The sales price of the typical luxury home in the U.S. was up 8.8 percent year over year during the fourth quarter of 2023 to a record $1.17 million, according to Redfin’s data. Meanwhile, non-luxury home prices only rose 4.6 percent year over year during the same period to a record $340,000.
For this Redfin study, luxury homes were considered those in the top 5 percent of their metro area based on market value. Non-luxury homes are those in the 35th to 65th percentile, based on market value.
The share of cash purchases drove the luxury market during the fourth quarter, making up 46.5 percent of all luxury purchases, up from 40 percent the year before.

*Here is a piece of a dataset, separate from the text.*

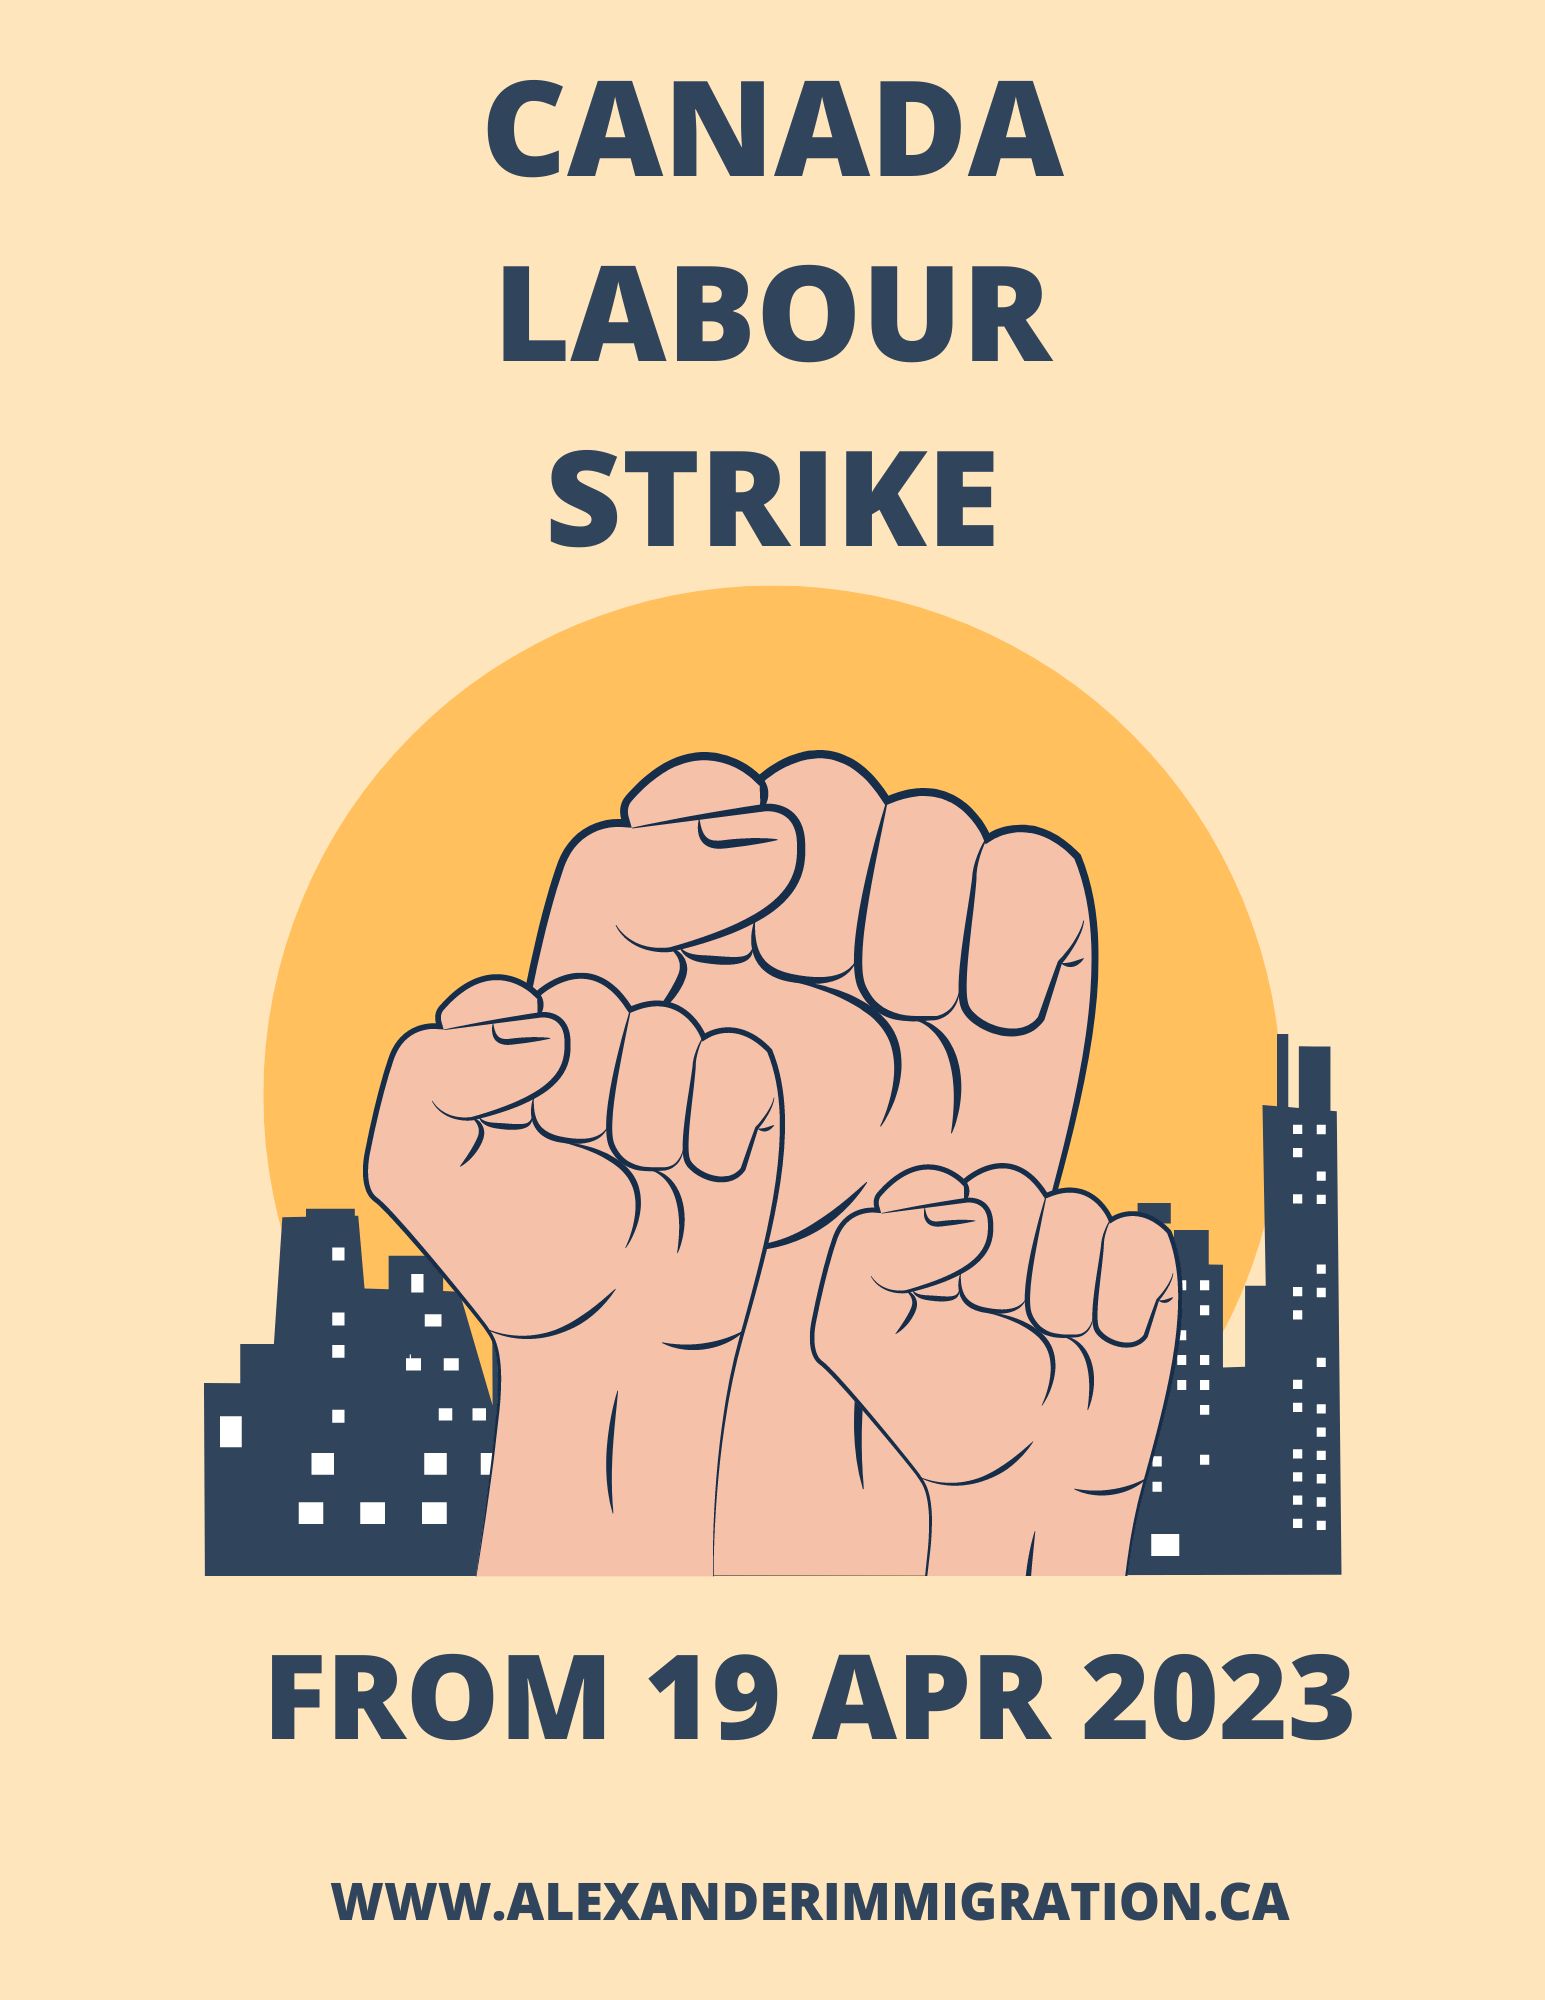 Canada Labour Strike effective 19 Apr 2023

As luxury prices have steadily climbed, Ruthie Assouline of The Assouline Team at Douglas Elliman said her buyers in Miami have latched onto any home that seems like it’s even mildly suggesting a bargain, compared to similar properties whose sellers are trying to take advantage of sky-high prices.
“With the inventory still being as dry as it is, I think that when you have a good product, a lot of the product that’s out there is still priced so astronomically high, that when you’re able to price it [well], even if it’s slightly higher than it was last year but is somewhat within reason compared to the market, it ends up looking like, ‘OK, that’s not so bad,'” Assouline explained to Inman.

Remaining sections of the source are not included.